St Stephen's student takes principal to court; faculty, alumni question magazine ban
A student of Delhi's premier St Stephen's college has moved the Delhi high court against the college and its principal Valson Thampu challenging his suspension and the ban on the online magazine's publication.education Updated: Apr 17, 2015 15:09 IST
A student of Delhi's premier St Stephen's college has moved the Delhi high court against the college and its principal Valson Thampu challenging his suspension and the ban on the online magazine's publication.
Devansh Mehta, editor and co-founder of the St Stephen's Weekly, was on April 15 suspended for 9 days after a one-man inquiry committee appointed by the college principal found him guilty of "breach of discipline".
The court will hear Mehta's petition, which was filed on Thursday, on Friday.
Mehta, a final-year philosophy student, was allegedly suspended for launching the online magazine without getting clearance from the college principal.
The college banned the e-zine started by Mehta and other students over an interview of the principal, which, he said, had not been cleared.

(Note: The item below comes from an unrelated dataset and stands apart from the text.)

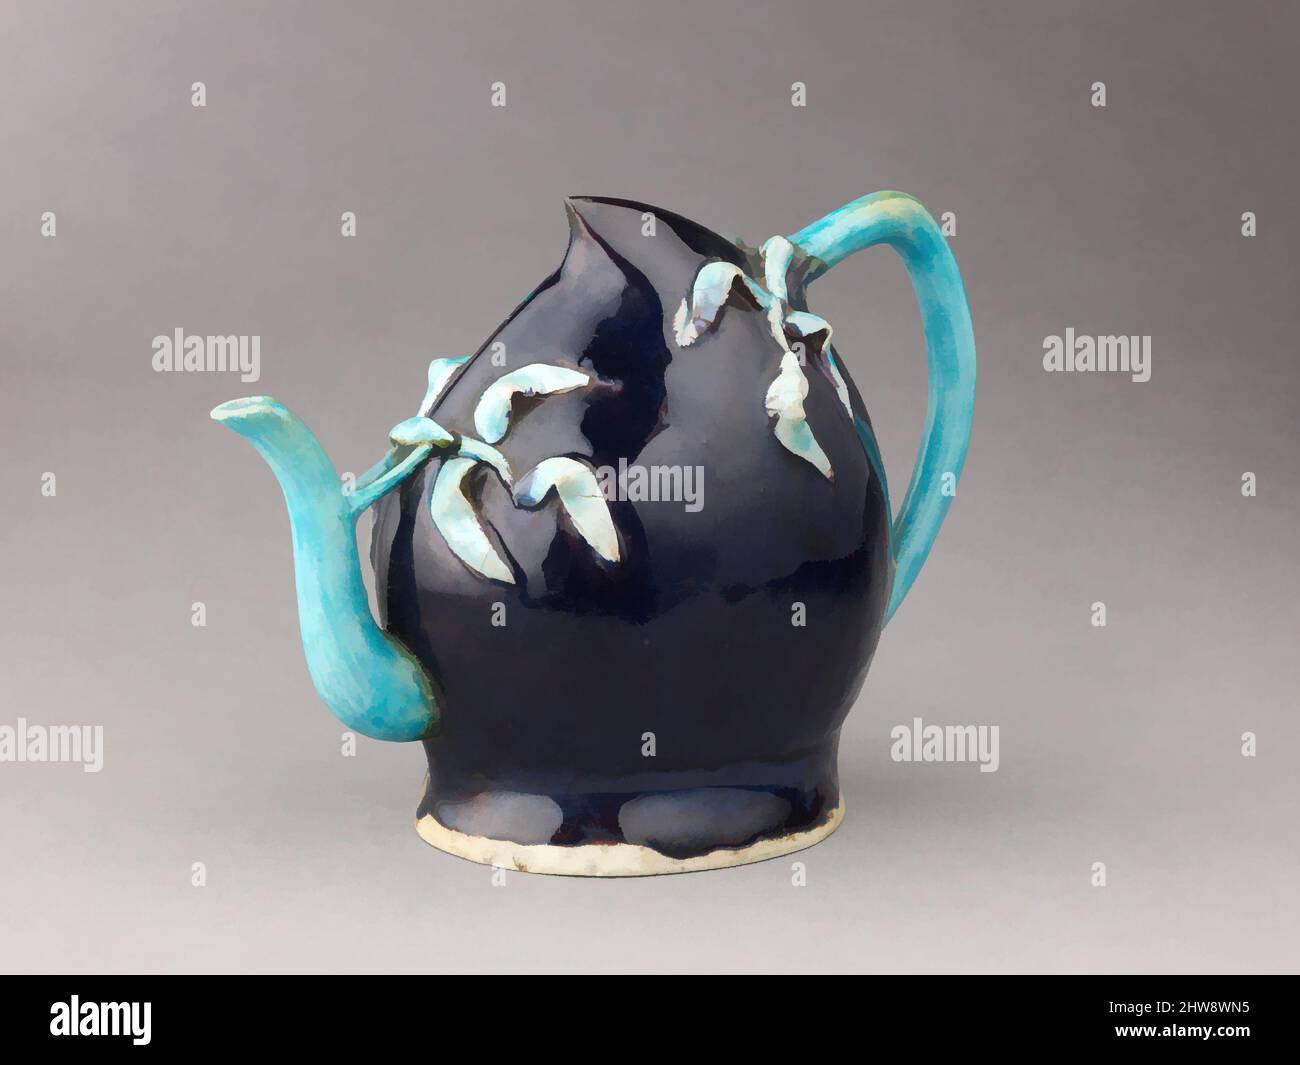 https://c8.alamy.com/comp/2HW8WN5/art-inspired-by-peach-shaped-wine-pot-or-teapot-ca-late-17th-century-chinese-porcelain-with-relief-decoration-under-polychrome-glazes-height-5-12-in-14-cm-ceramics-chinese-early-qing-dynasty-classic-works-modernized-by-artotop-with-a-splash-of-modernity-shapes-color-and-value-eye-catching-visual-impact-on-art-emotions-through-freedom-of-artworks-in-a-contemporary-way-a-timeless-message-pursuing-a-wildly-creative-new-direction-artists-turning-to-the-digital-medium-and-creating-the-artotop-nft-2HW8WN5.jpg

The e-zine went live on March 7 and registered over 2,000 hits but was taken down on March 12.
In his petition, Mehta called the ban "arbitrary, illegal, malafide and shockingly unreasonable".
Mehta sought "quashing of the order banning/suspending publication of the St Stephen's Weekly, stay on the suspension order and restraining the principal from taking any further action against him".
Mehta has also requested that he be reconsidered for the Rai Saheb Banarsi Das Memorial Prize, for which he was earlier selected by the college but was dropped from the list in the wake of the controversy.
Students, faculty and the alumni of the college have questioned the principal's decision to ban the magazine and criticised him for stifling "student dissent".
In their petition to Delhi chief minister Arvind Kejriwal, students have requested him to refuse the invitation to attend the convocation ceremony on April 18.
The letter says that "every instance of student dissent has been stamped out using punitive measures, the explanations for which have been inadequate".
According to sources, Kejriwal has not seen the petition yet but will review the matter on Friday.
Thampu, meanwhile, has taken on Prof Vijay Tankha, head of the college's philosophy department, for "skipping the meeting with the principal" and for "sneaking the name of Mehta behind the back of the principal" to the college office.
Thampu maintains that the suspension is justified and said Mehta had failed to apologise and persisted in his defiant behaviour despite efforts made by Prof Sanjay Rao Ayde, who headed the one-member disciplinary committee, to solve the issue within the college.
A senior member of the faculty speaking to HT questioned the suspension and said, "If Mehta is being punished for publishing the magazine without Thampu's permission then all the four members should be suspended. But if the disciplinary action is due to Mehta speaking to the media, then the suspension is unconstitutional. There is no rule that restricts a member of college from talking to the media."
Prominent alumni have already spoken out against Thampu's decision.